One thing I think the people around me don't realize is that I have four days of peak sorrow in my year - four days of remembering and crying and trying to reconcile my heart.
When you have a dead baby, you mourn the death date and the estimated due date. It isn't even something I do consciously. I'll notice that I have the blues, that my hormones are more hormonal and I want to sleep more and eat less. Then I realize - a due or death date is looming.
After a fairly emotional weekend of internal back-and-forth, I realized that Thursday is Drew's death date. There it is - on my the paper calendar and the ticking calendar of my heart - October 24 - the day I said goodbye to John's rainbow brother.
See, in our house, we "celebrate" the boys' birthdays with Emily. We go to the cemetery and release balloons or plant flowers or bring little toys to the headstone. My husband and I cry a little bit and we lay in the grass and look at the sky and just be sorrowful on a day that should have been happy.

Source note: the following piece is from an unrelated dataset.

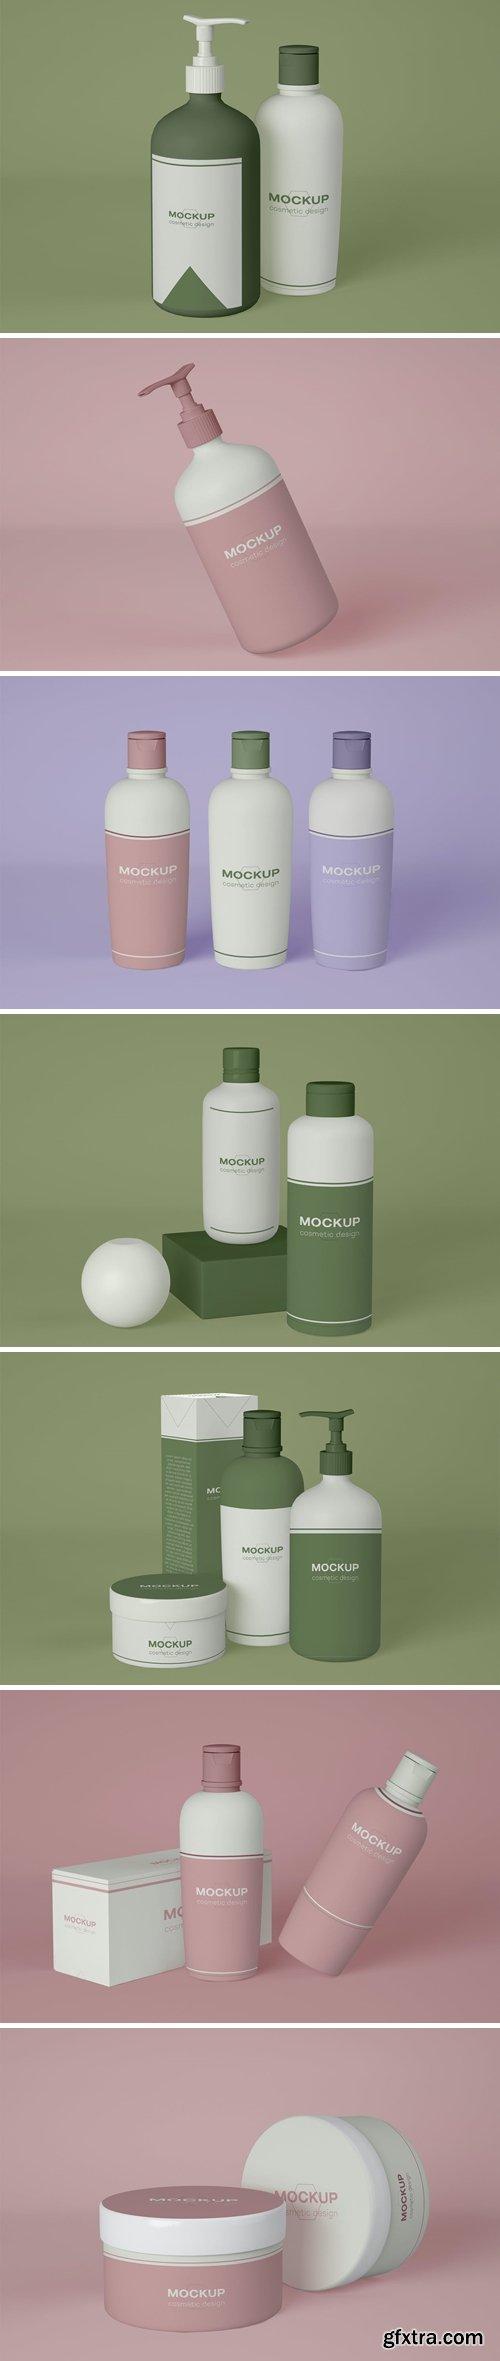 Cosmetics and Cosmetics Dispenser Mockup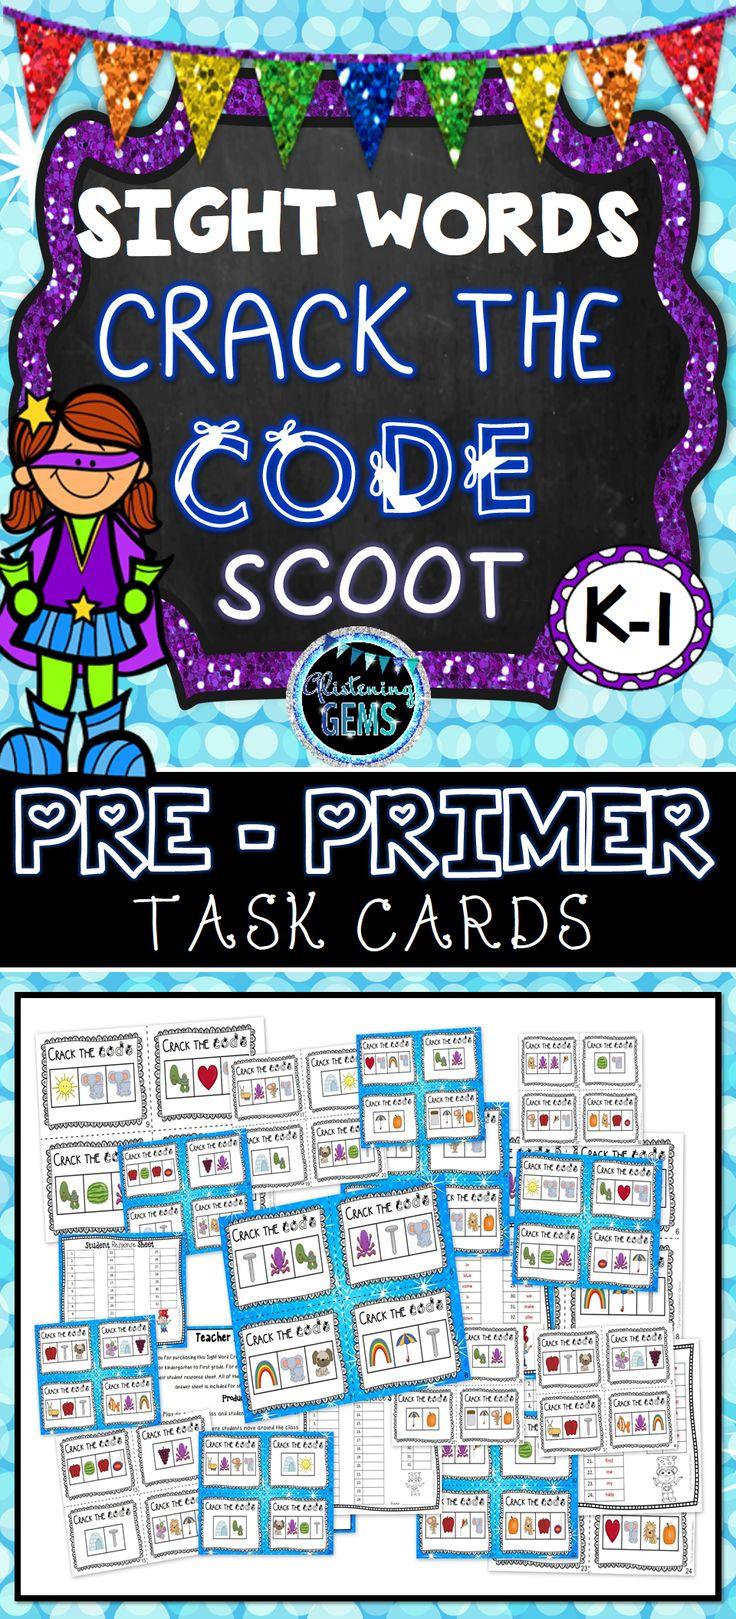 Pre-Primer Sight Word Task Cards {Scoot} - Crack the Code - K-1

But I'm sort of on my own with death days. I don't bring them up to Emily because we want her to celebrate her brothers. I don't mention it to my husband because this pain is the kind of pain I want to keep to myself. I don't want to have to explain it to someone because I really can't put it into words. It just hurts and that's all anyone needs to know. It's my hurt and I just want to hold it and let it be a real feeling for awhile.
So I know tonight and tomorrow and Thursday and the weekend and even the week after will be hard and I know that this will happen to me four times a year, every year, for the rest of my life.
That's what happens when you carry babies in your heart instead of your arms.